До ночи того же дня, все вошедшие в эти ворота, были уже одинаковы: с голыми черепами и в полосатой одежде. Перед этим, как скот перед бойней, прогнали их через брандспойты мойки, и на левом плече, сноровистые руки лагерника, накололи номер и букву «R». «Если так, — неуверенно думал Мирка, — значит, оставят жить. Иначе, зачем бы номер?» Русских узников не было, Мирка не знал, где Алеша и Саша. И, как обреченно-больной начинает терять здоровье, он ощутил, что перестает быть человеком. В массе других, на него похожих…
ОСВЕНЦИМ
Он даже был рад, что кругом чужие, и говорить, не зная их языка, здесь не с кем.

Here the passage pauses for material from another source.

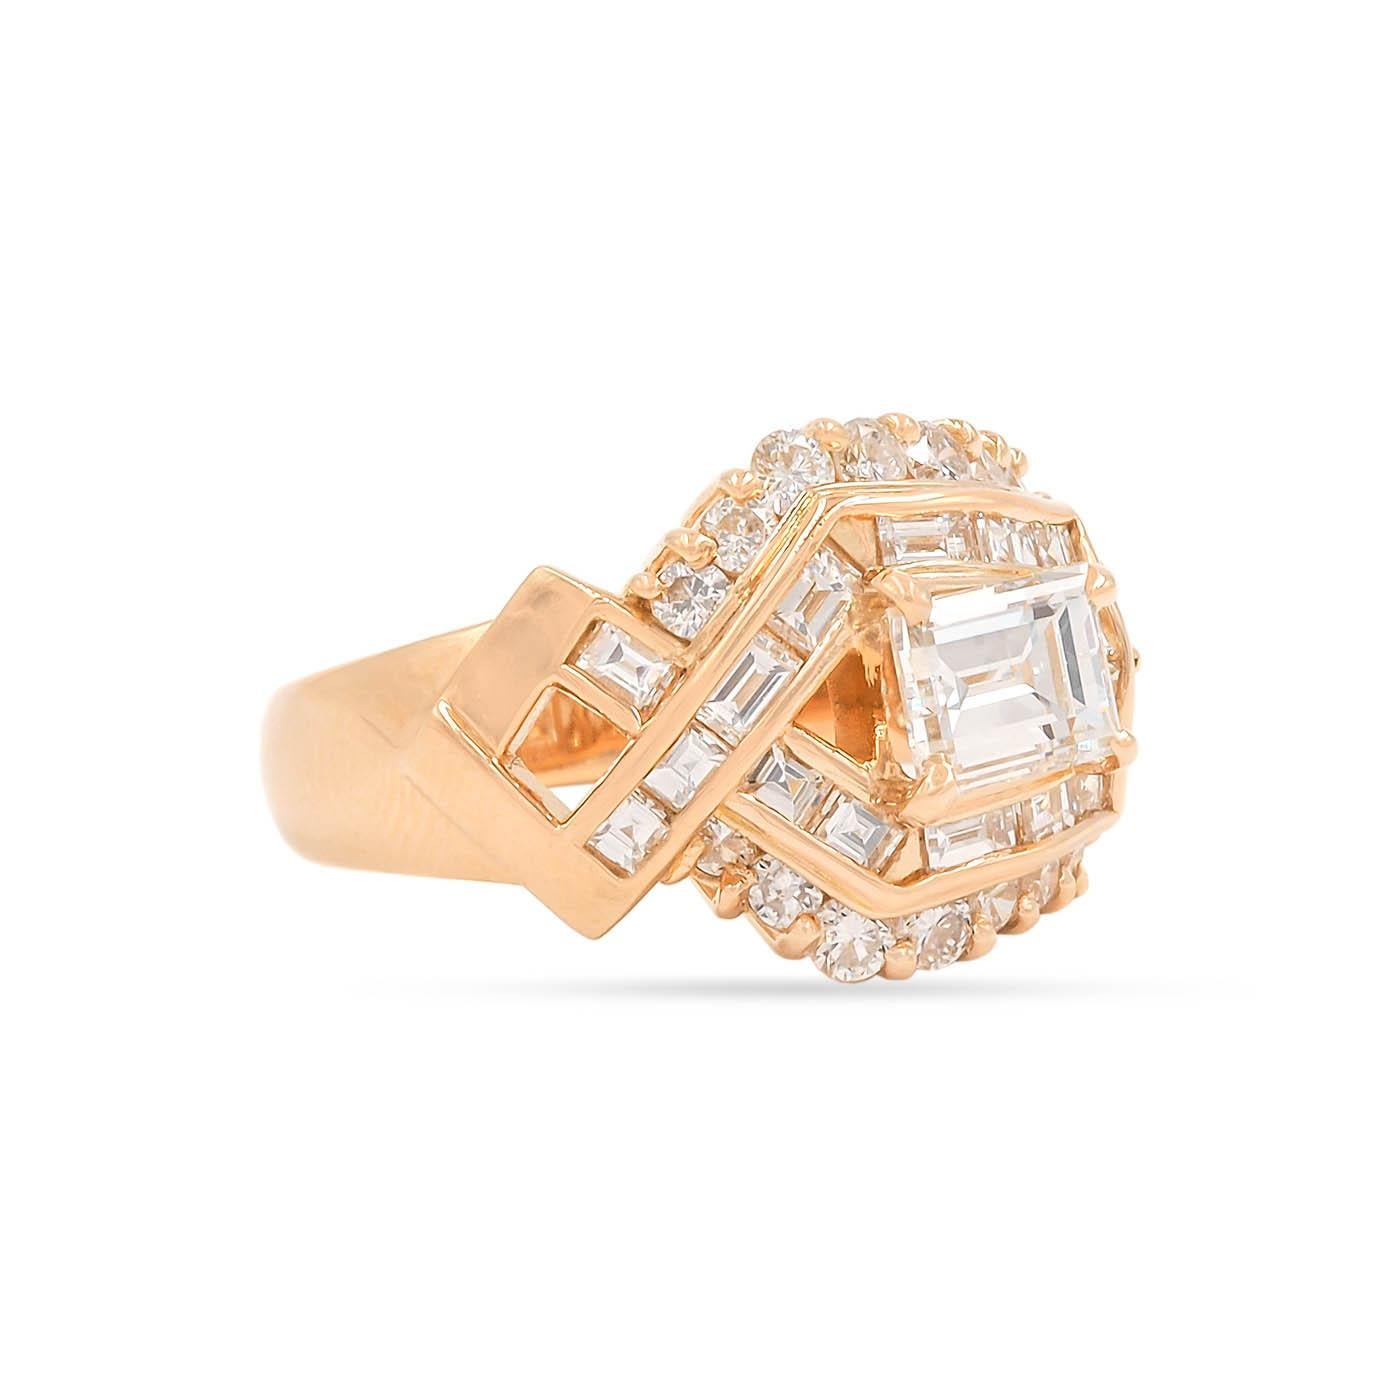 Vintage 1.03 Carat Step Cut Diamond Asymmetrical Cluster Ring composed of 18k yellow gold. With a 1.03 carat Rectangualr Step Cut diamond, GIA certified H color & VS2 clarity. The setting has an asymmetrical styling to it and is further enhanced by

Команды «рехтс ум», «линкс ум», «мютце ан», «мютце ауф», «шнеллер» — направо, налево, снять шапку, надеть шапку, быстрее, — и так понять можно, как их понимает рабочая лошадь, без всякого знания языков. Он старался быть серым, в своей полосатой одежде с винкелем — красным, как знамя страны, треугольником на груди. Он понял, что это важно: для того, чтоб убить человека, надо сначала его заметить. А серый на сером не выделяется.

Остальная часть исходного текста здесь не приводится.